* **Input data**
# # # # #

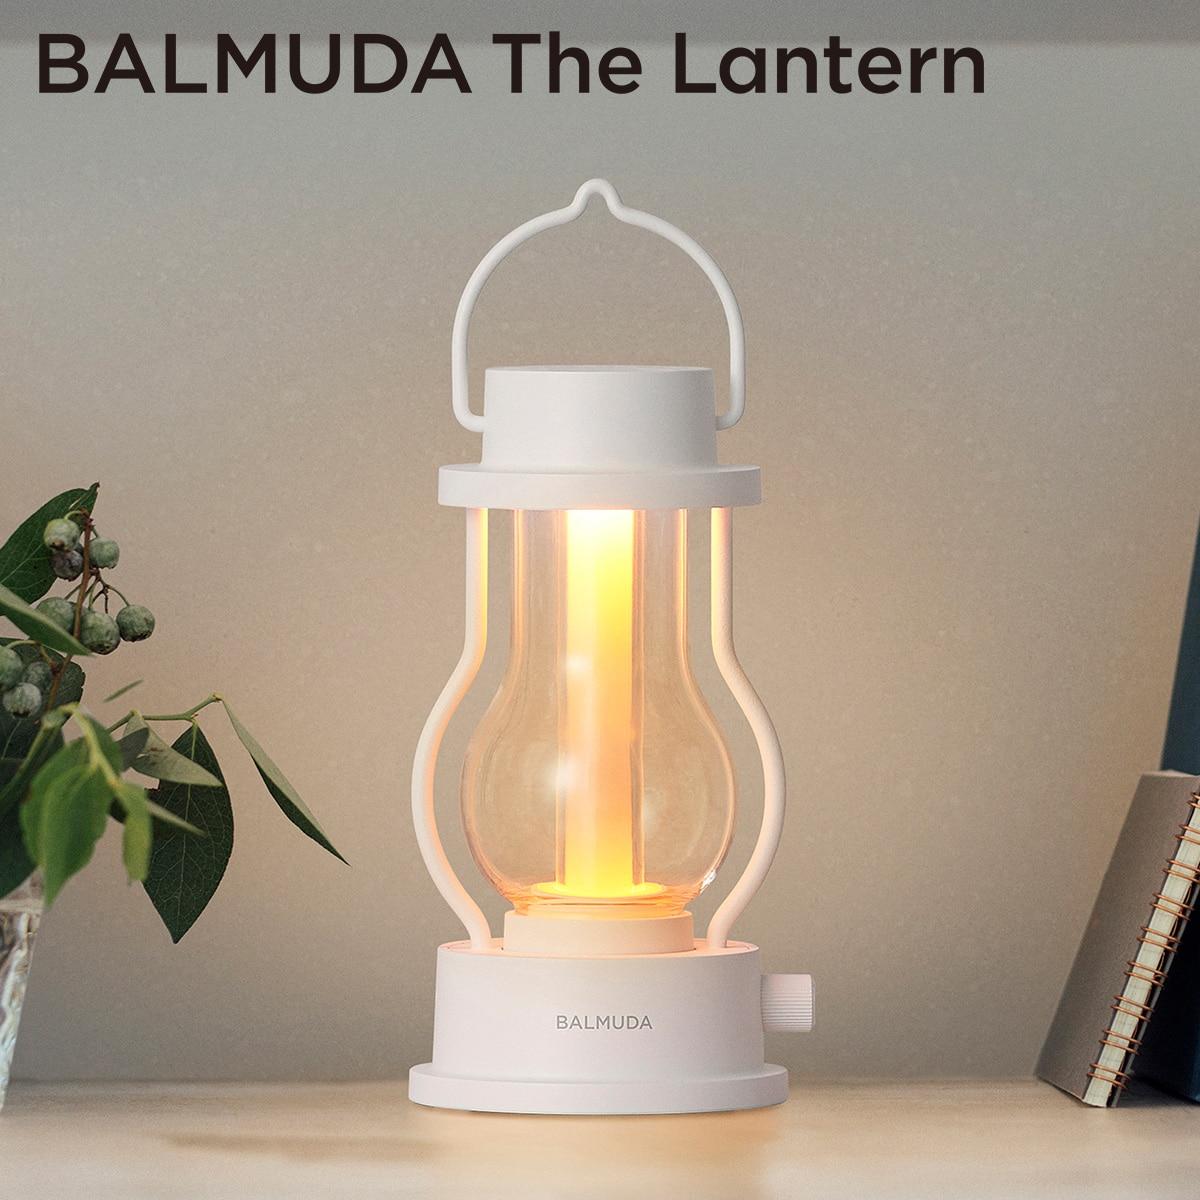 バルミューダ 「BALMUDA The Lantern」ザ・ランタン (ホワイト) L02A-WH
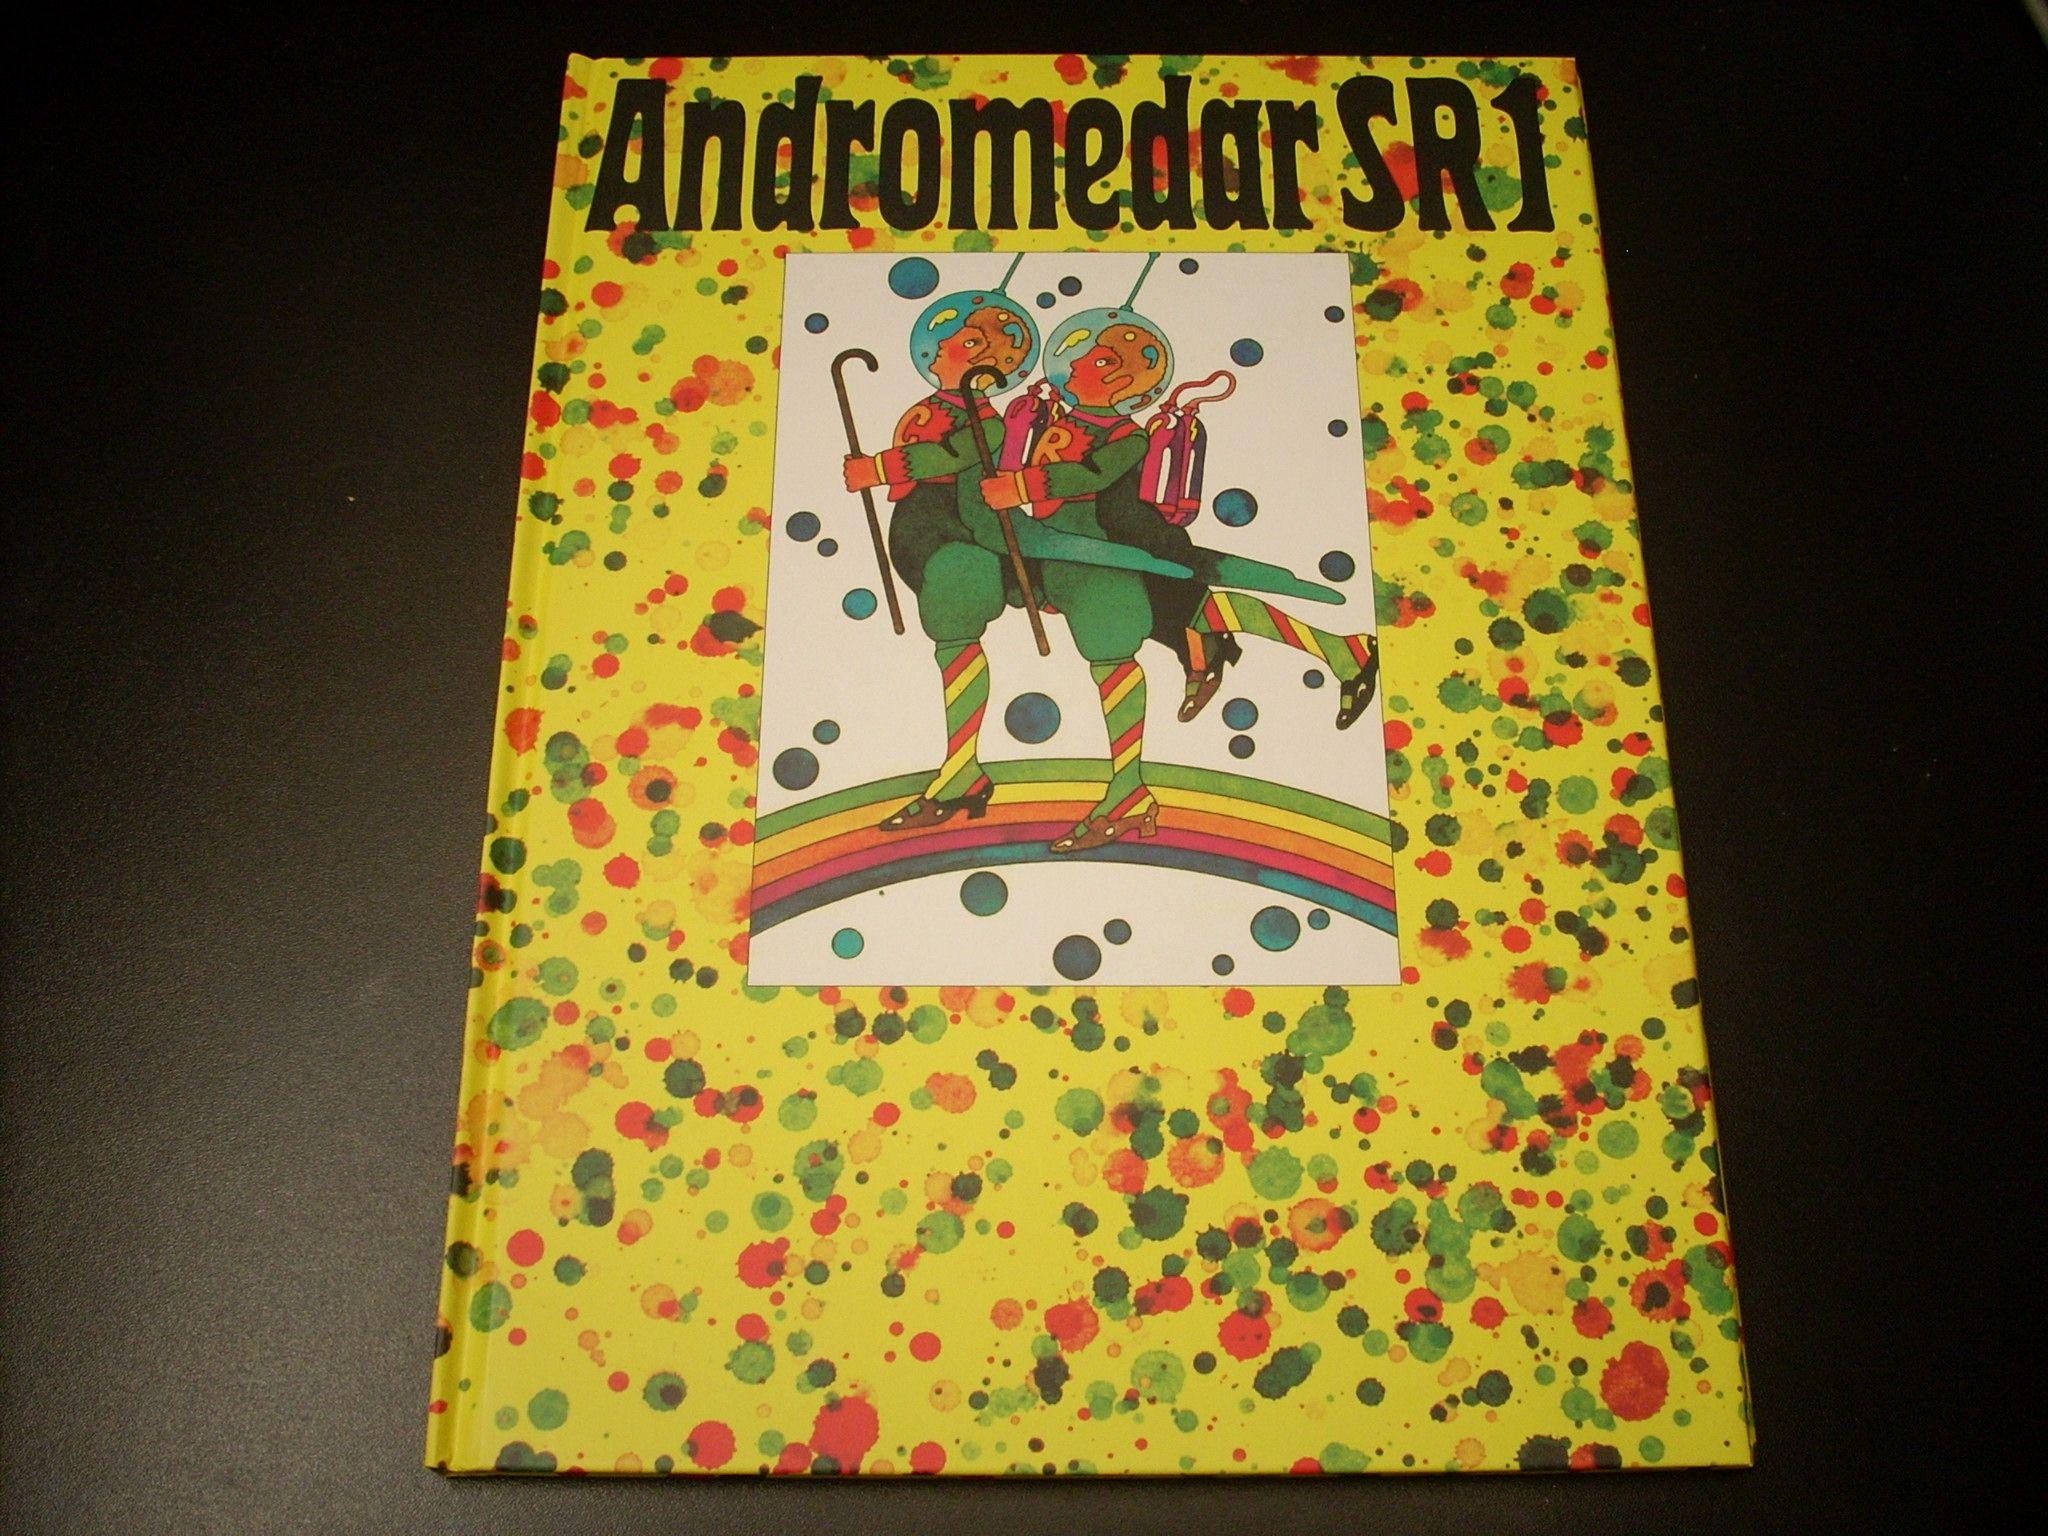 Que Me Los Pido Por Reyes 3 Super Libros Para Niños Como Nosotros Libros Para Niños Niños Y Libros
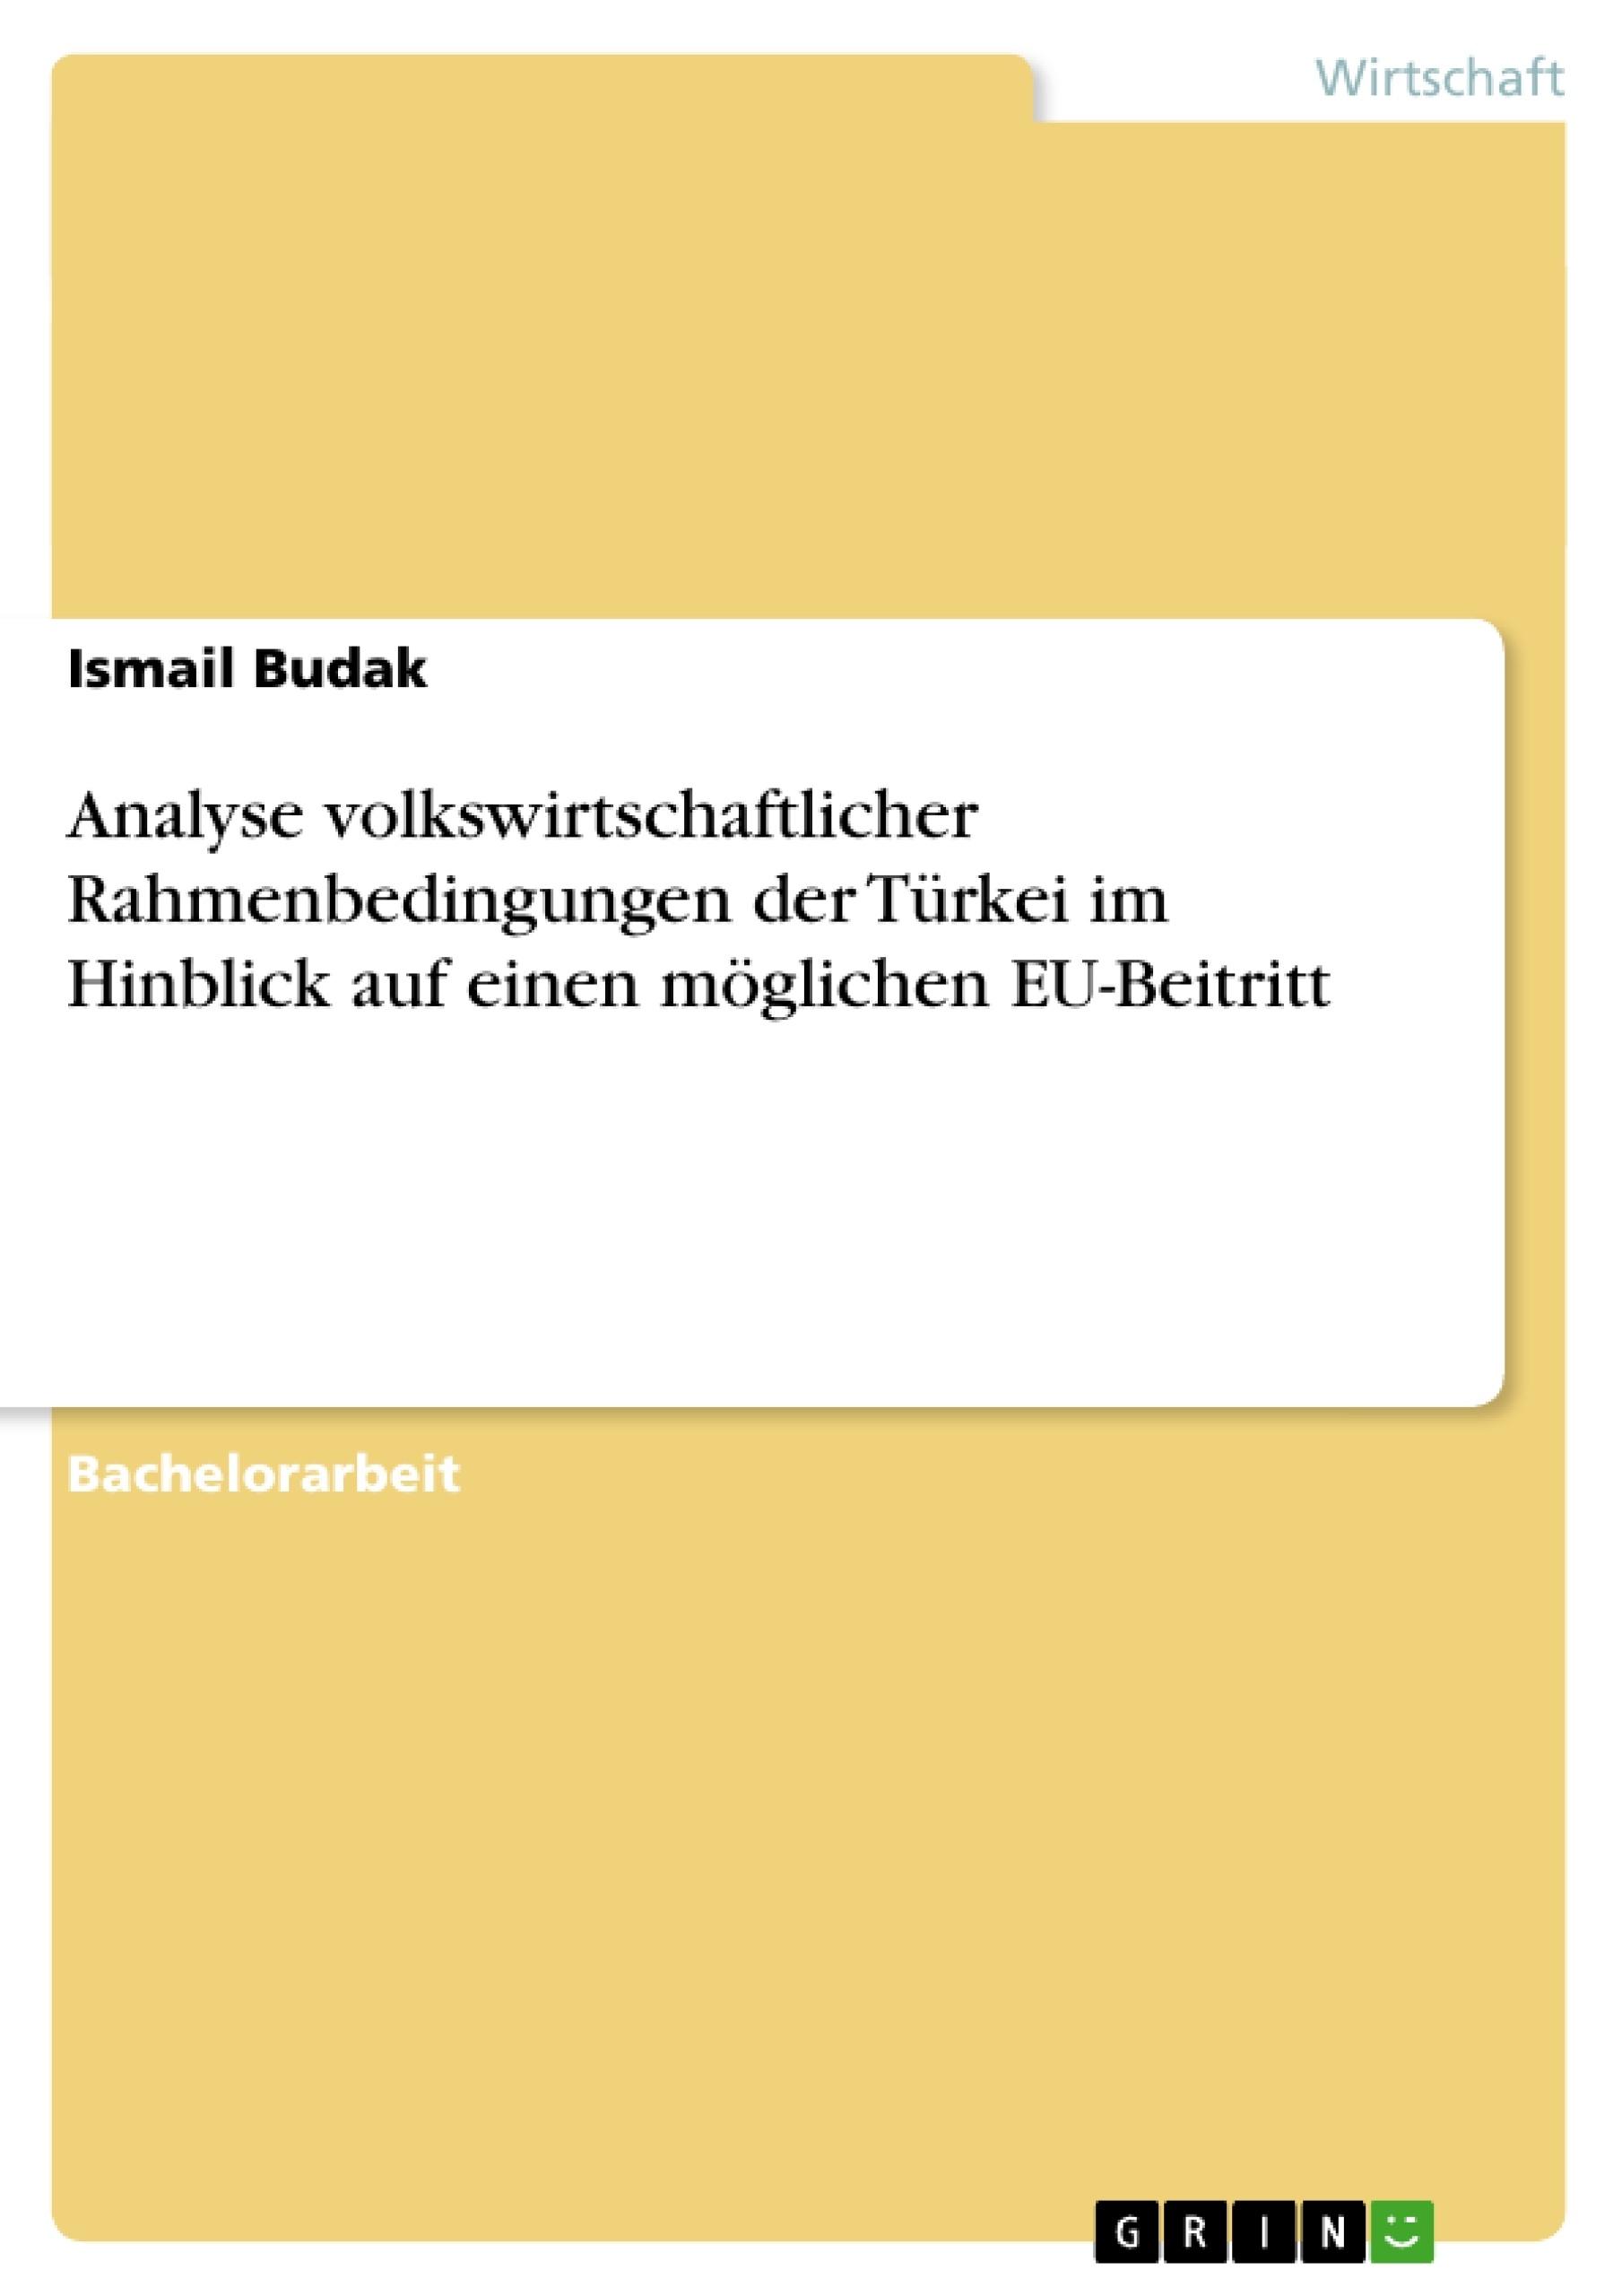 Titel: Analyse volkswirtschaftlicher Rahmenbedingungen der Türkei im Hinblick auf einen möglichen EU-Beitritt

# # # # #

* **Problem description**
When you repeat the listing, keep it exact and leave the pictures behind.

* **Result below**
 バルミューダ 「BALMUDA The Lantern」ザ・ランタン (ホワイト) L02A-WH
 Que Me Los Pido Por Reyes 3 Super Libros Para Niños Como Nosotros Libros Para Niños Niños Y Libros
 Titel: Analyse volkswirtschaftlicher Rahmenbedingungen der Türkei im Hinblick auf einen möglichen EU-Beitritt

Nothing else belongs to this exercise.